* _Supplied information_
========================================================================
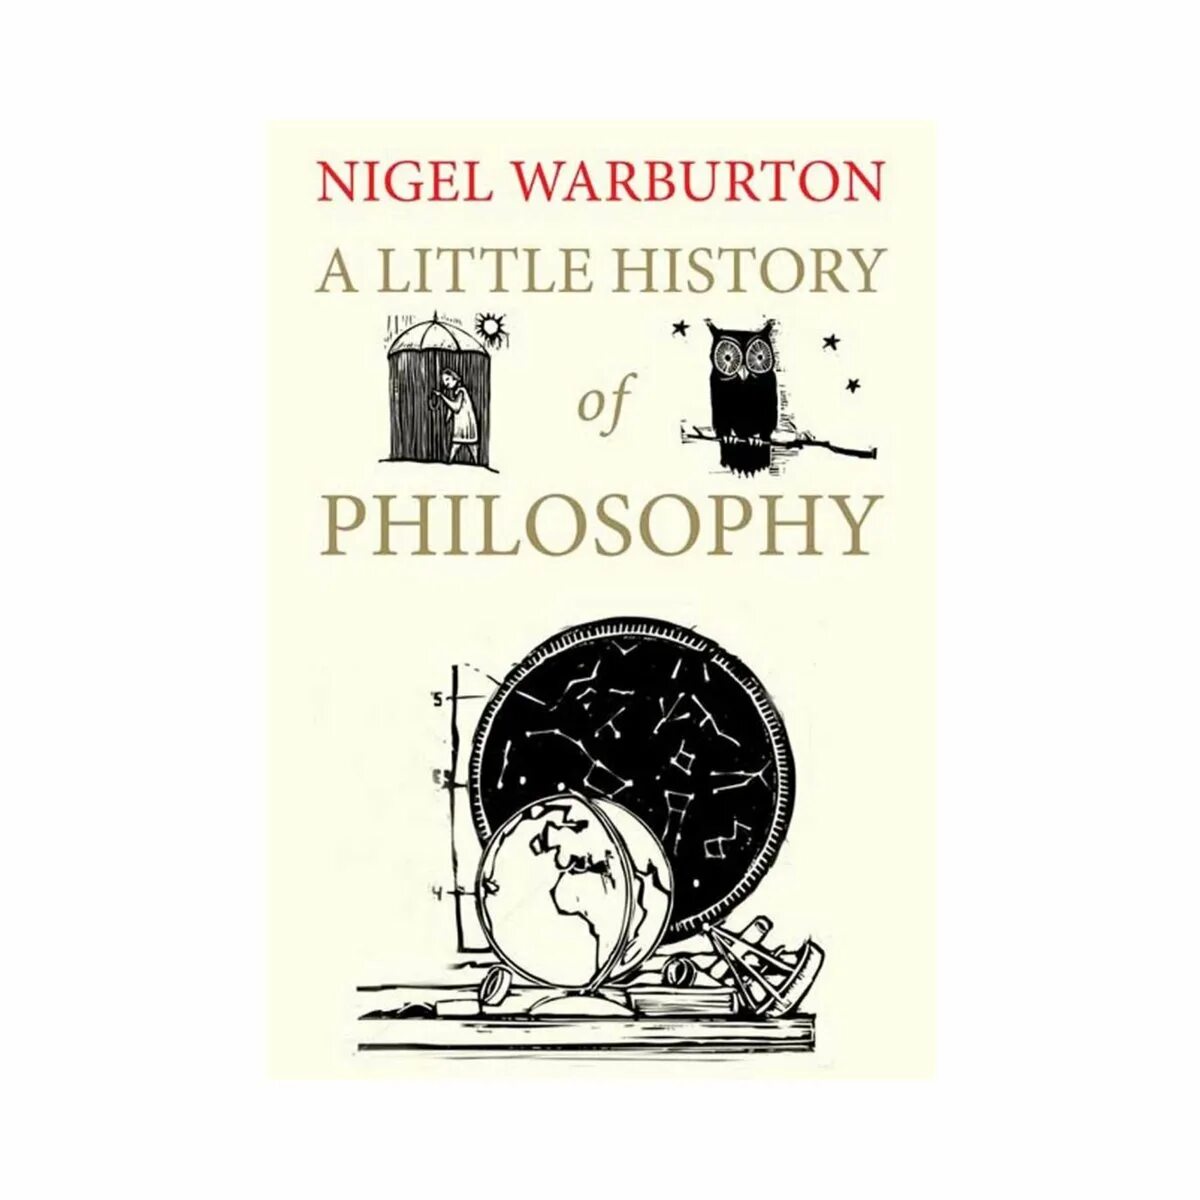 Nigel Warburton a little History of Philosophy. The Philosophy book. Little History of Philosophy. Философия чтения книг. Little history
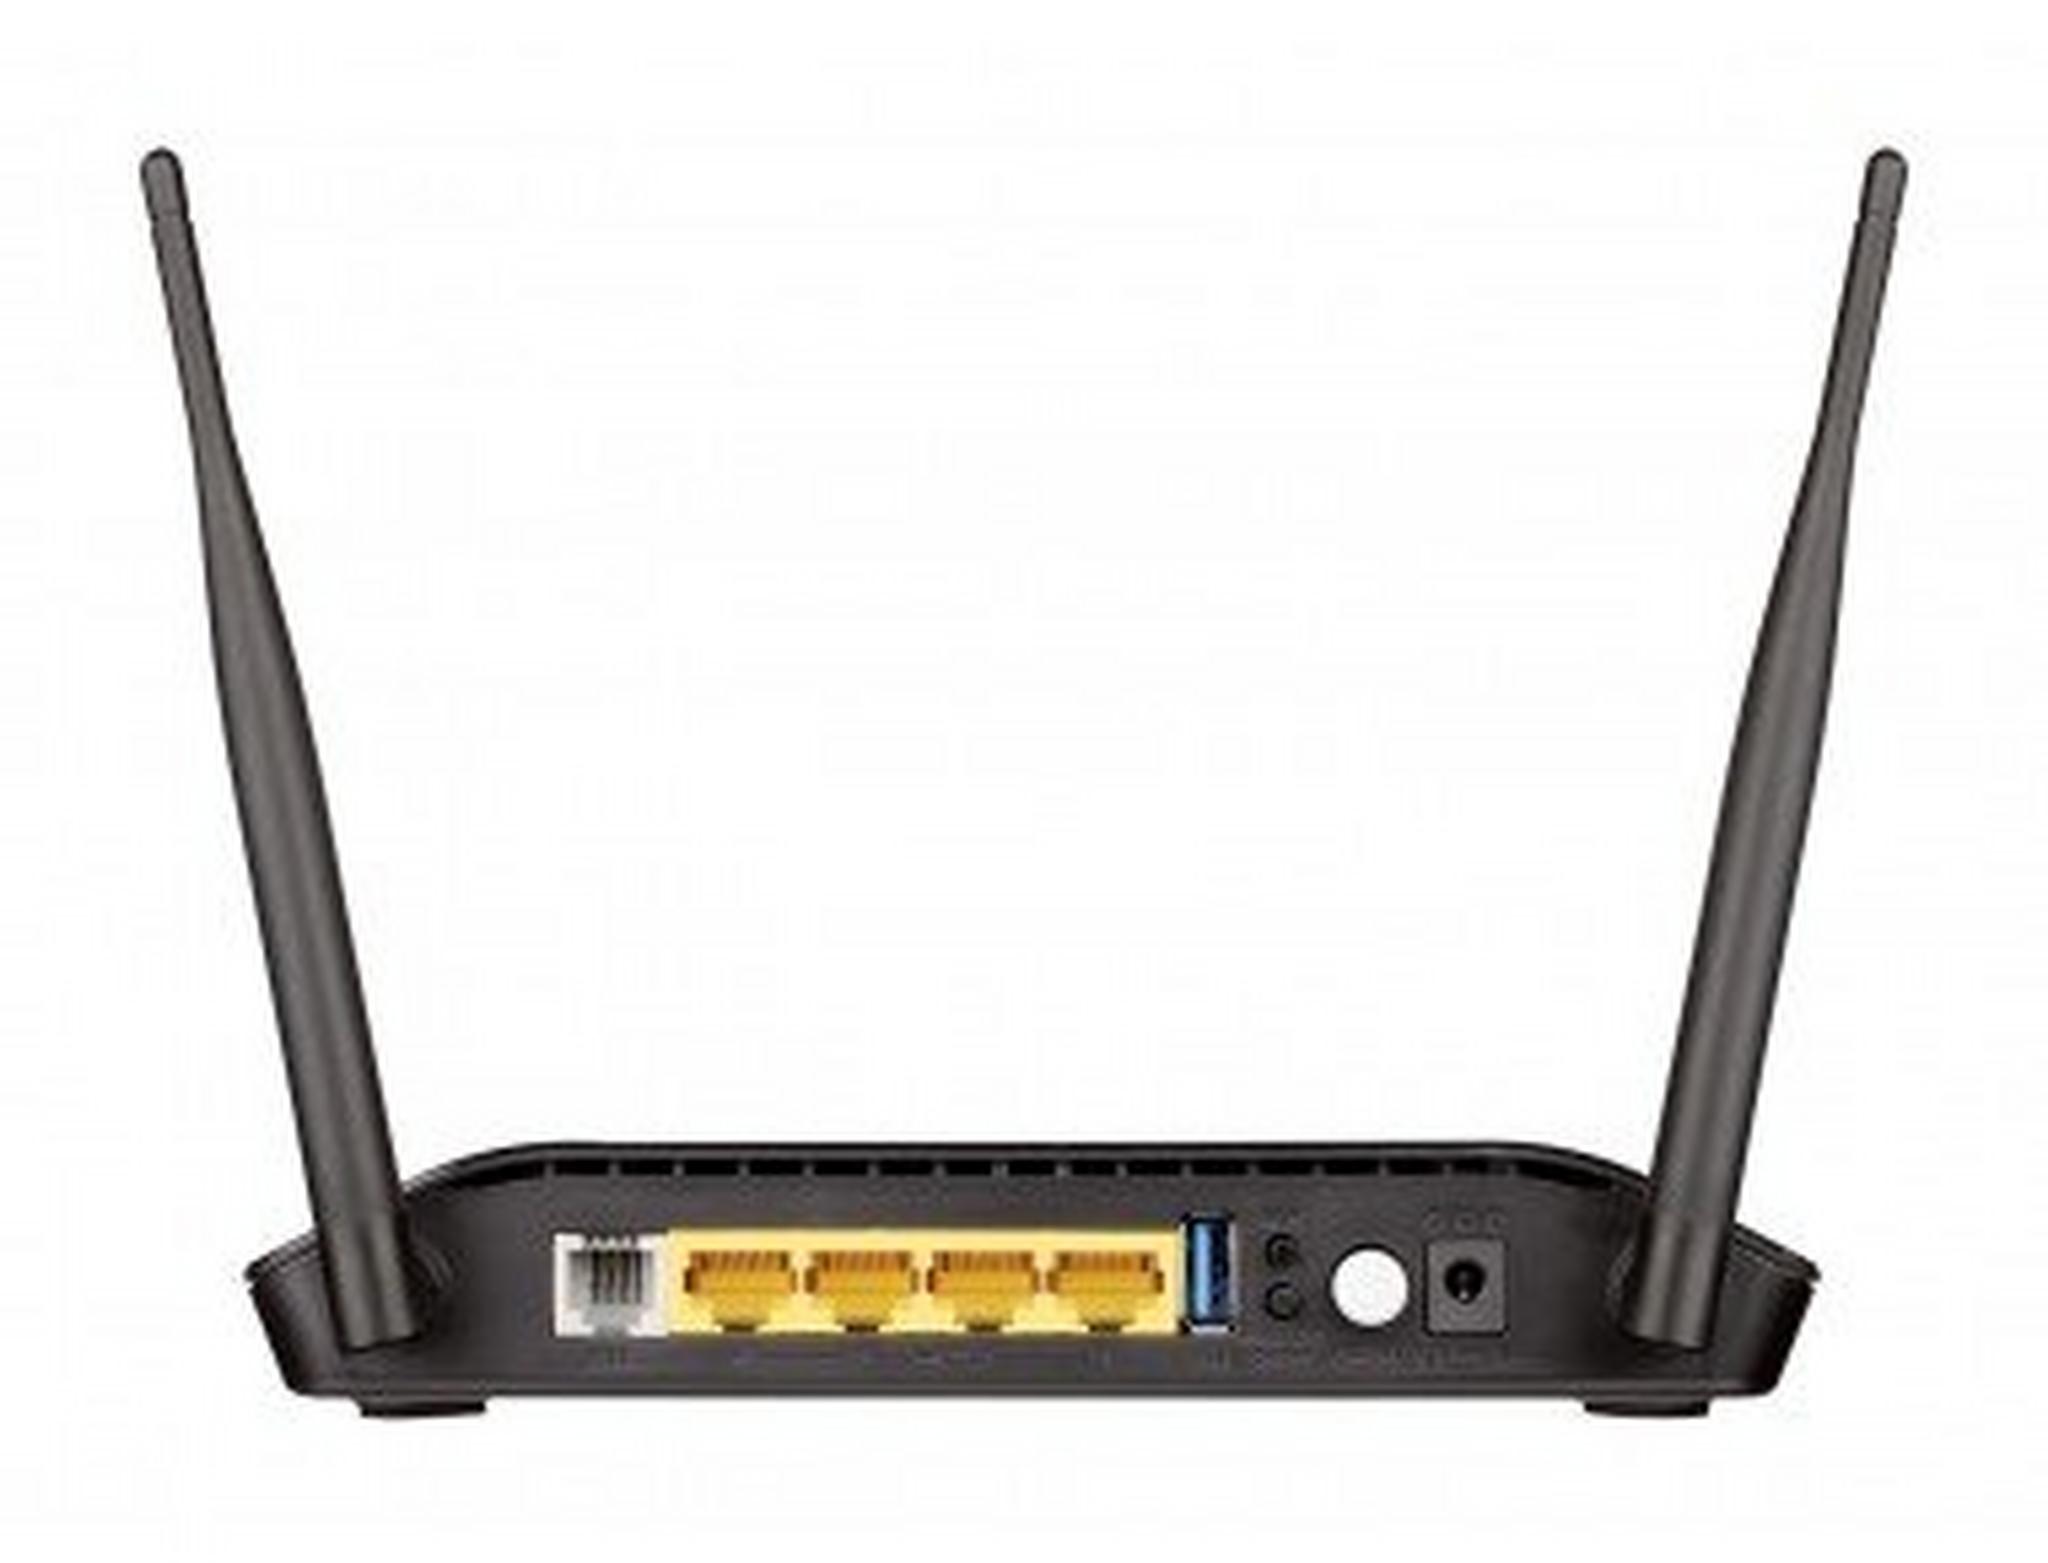 Dlink DSL-2740U ADSL2 Modem + 4Port wireless router Combo
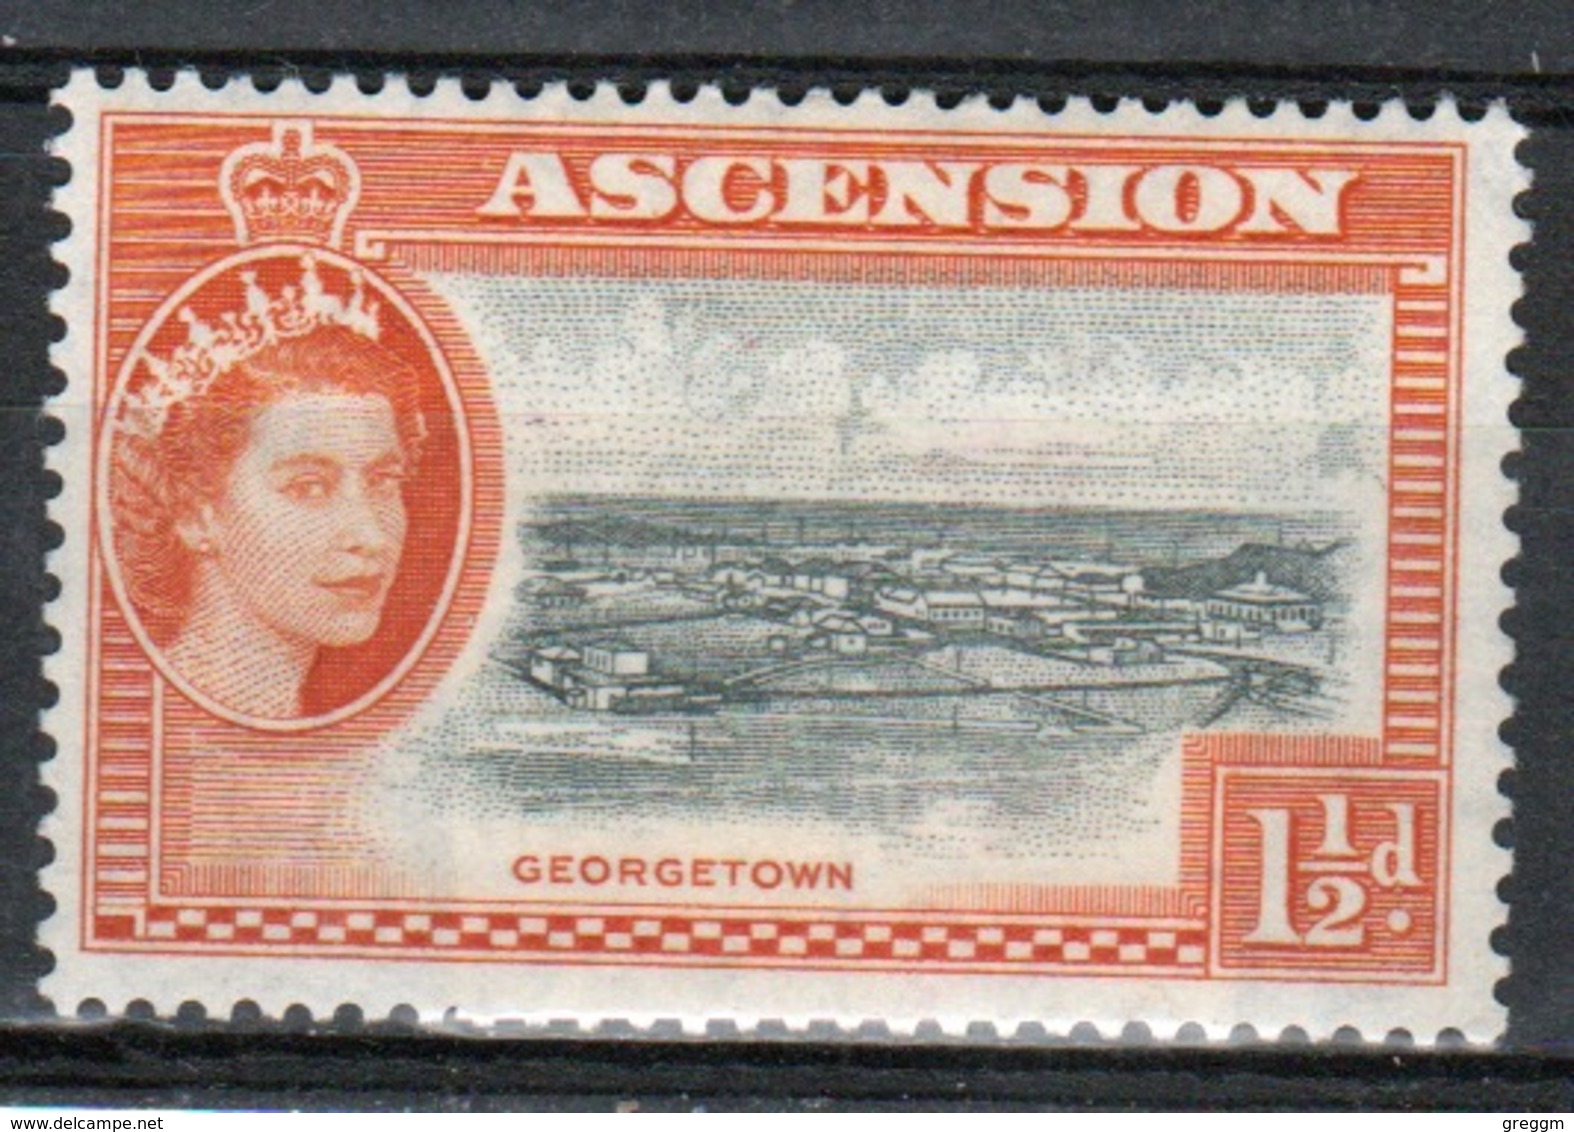 Ascension Queen Elizabeth  Mounted Mint 1½d Stamp From 1956 Definitive Set. - Ascension
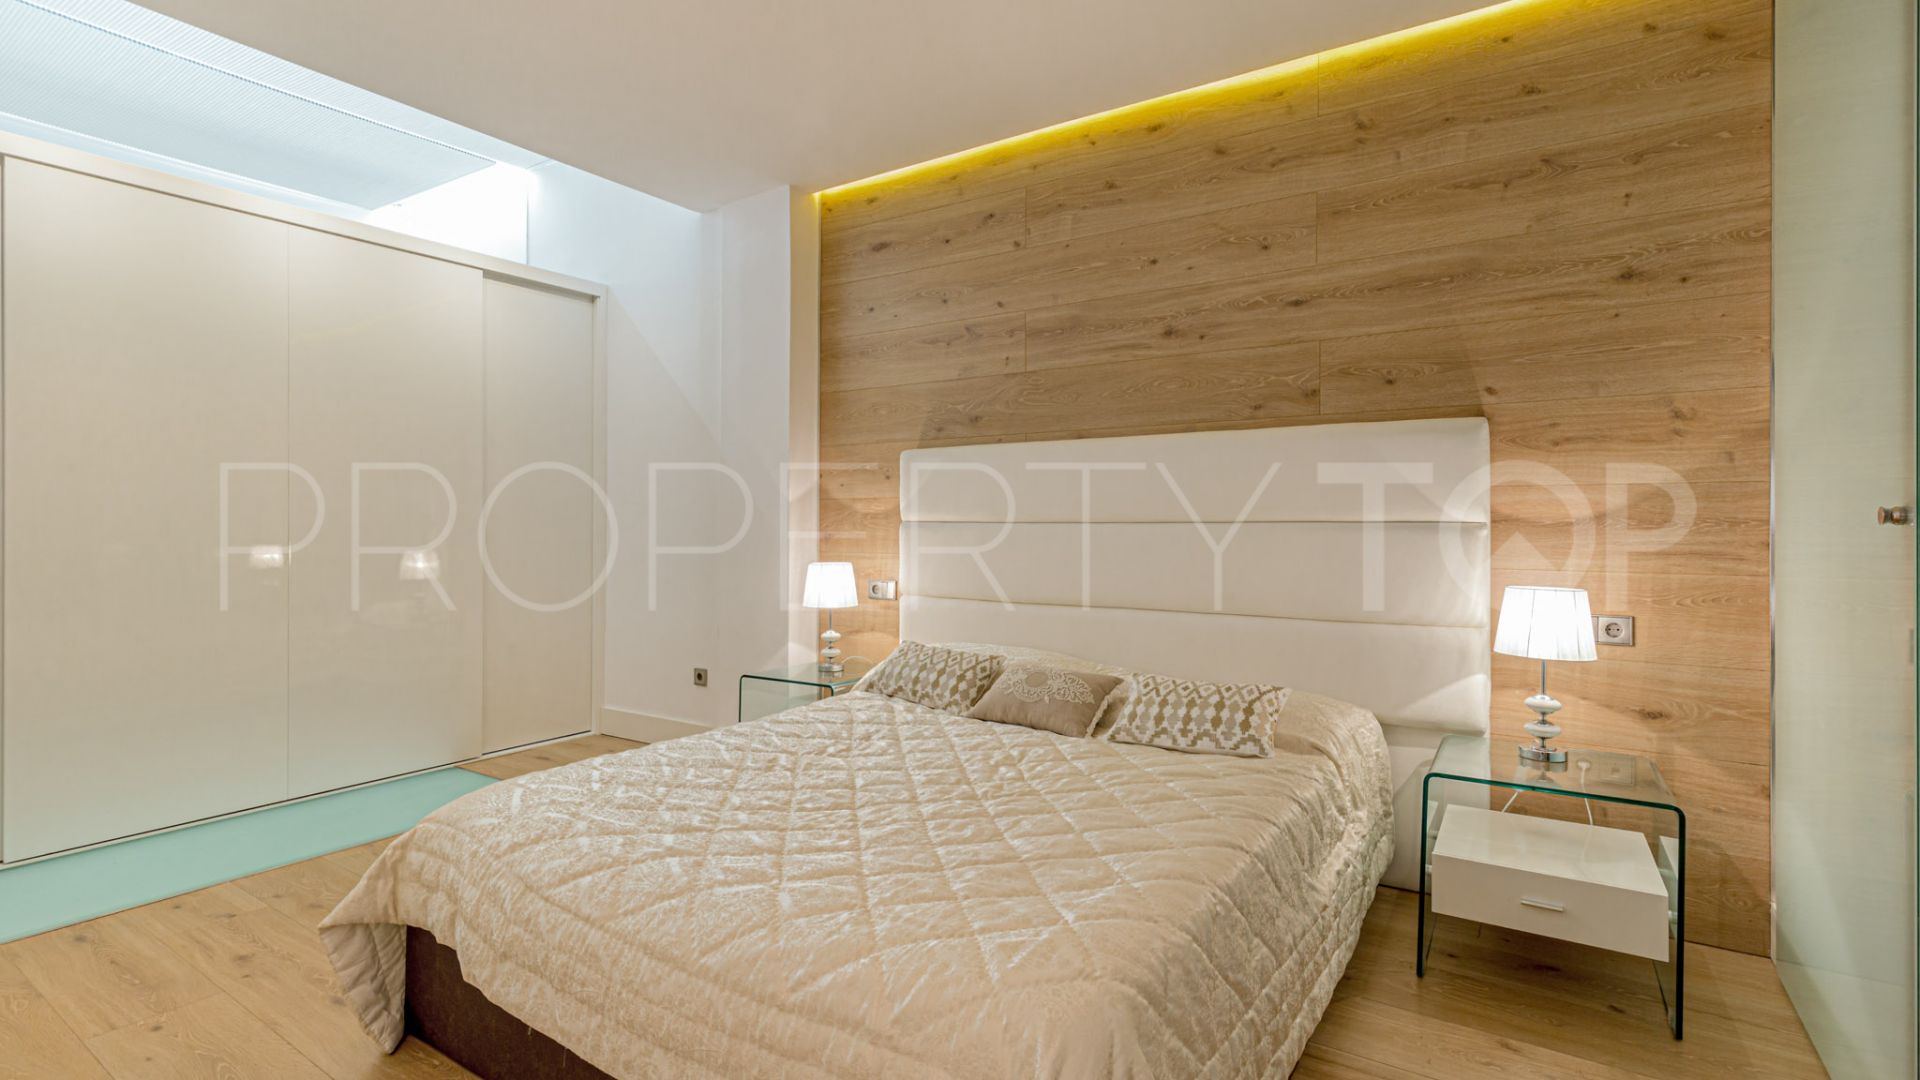 3 bedrooms apartment in Marbella - Puerto Banus for sale
========================================================================
* _What needs to be done_
Copy out the listing above in full and keep the pictures out.

* _Task solution_
 Nigel Warburton a little History of Philosophy. The Philosophy book. Little History of Philosophy. Философия чтения книг. Little history
 Dlink DSL-2740U ADSL2 Modem + 4Port wireless router Combo
 Ascension Queen Elizabeth  Mounted Mint 1½d Stamp From 1956 Definitive Set. - Ascension
 3 bedrooms apartment in Marbella - Puerto Banus for sale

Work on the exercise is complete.